Alan,

I agree with all your statements, with the exception of one.

"Second, the way Apache works is that contributors scratch the itch that =
bothers them. So to argue "We shouldn't do X because we never finished =
Y" or "We shouldn't do X because we're doing Y" (where X and Y are =
independent) is not valid in Apache projects.

I disagree, look at this:

https://issues.apache.org/jira/browse/HIVE-3585

A contribution was immediately met with a -1.

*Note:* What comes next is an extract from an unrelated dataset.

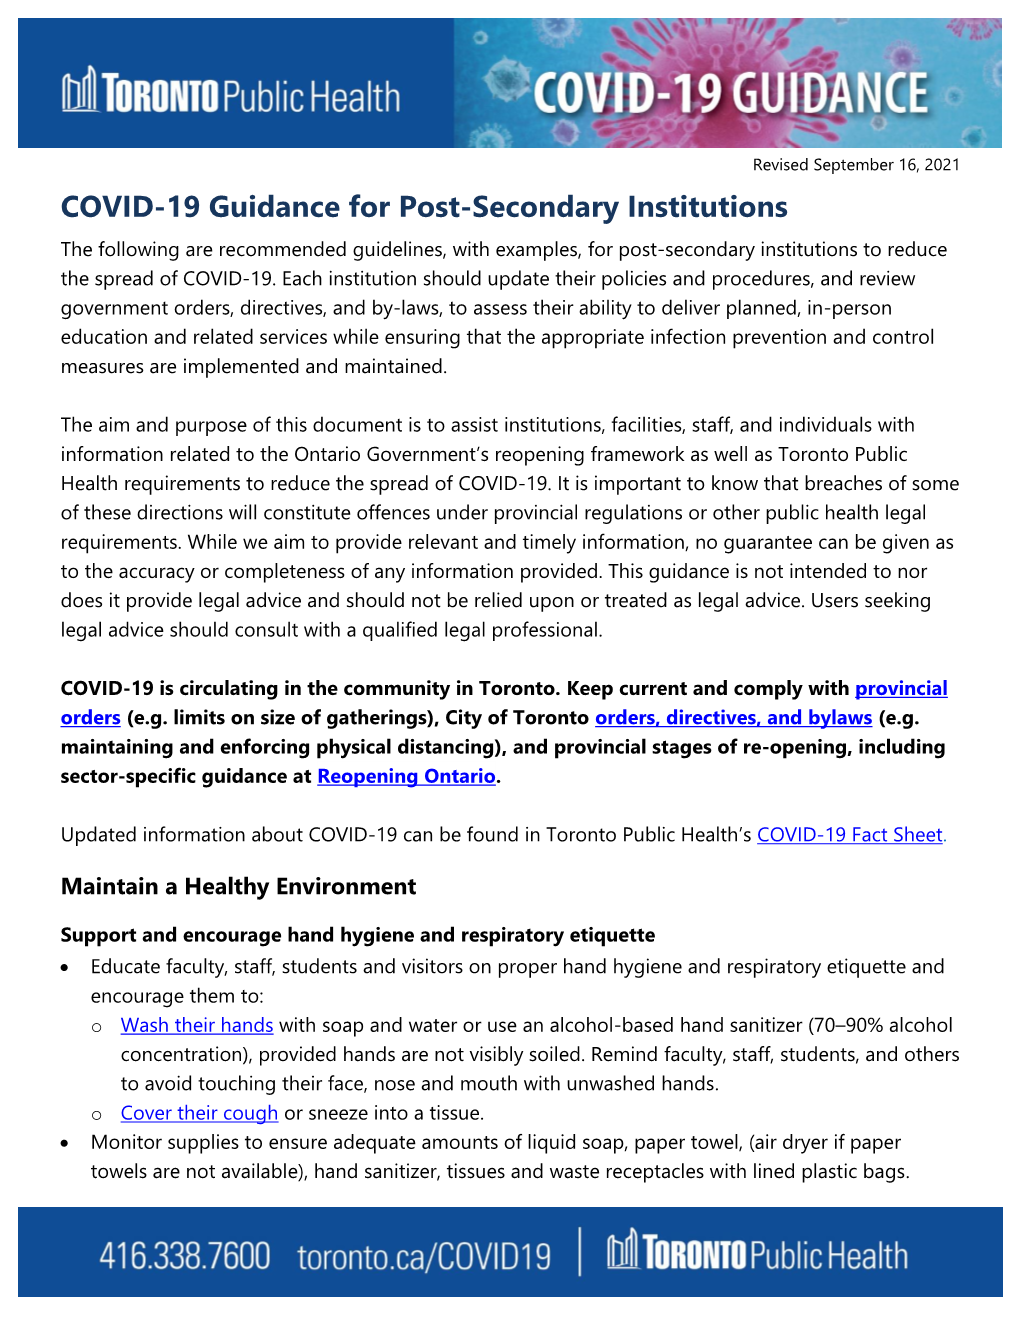 COVID-19 Guidance for Post-Secondary Institutions

I personally have had issues closed as "WONT FIX", "LATER" across a variety
of apache projects because said committers decided the feature was out of
scope, or whatever.

Arguing that if one contributer wants to "scratch an itch" we should allow
it in the project is not practical. Because we have to be able to maintain
hive after the "itch scratcher" finds a new itch, and moves on. Hive is not
project hosting for "every cool idea".

This was why I mentioned things like "windows support", I do not think
there was ever a point where the committers/PMC agreed that "windows
support" was something we all wanted to work towards. I can not pin down
how the initiative started and why. Now whoever started that ball rolling
has moved on. I do not own a windows computer, we have no apache
infrastructure to test hive on windows. Jira issues stay open, those of us
in it for the long haul and up holding the ball, and supporting things we
never explicitly wanted.

As this relates to Tez, tez is in the incubator. Hive is release quality
software. I am not convinced Tez is the direction we should go in. I am
scared of it going the path of "windows support" or "oracle support",
because someone "scratching an itch" and we (the committers) do not have
enough information, about the changes involved, the timeline, what types of
use cases will benefit from this feature.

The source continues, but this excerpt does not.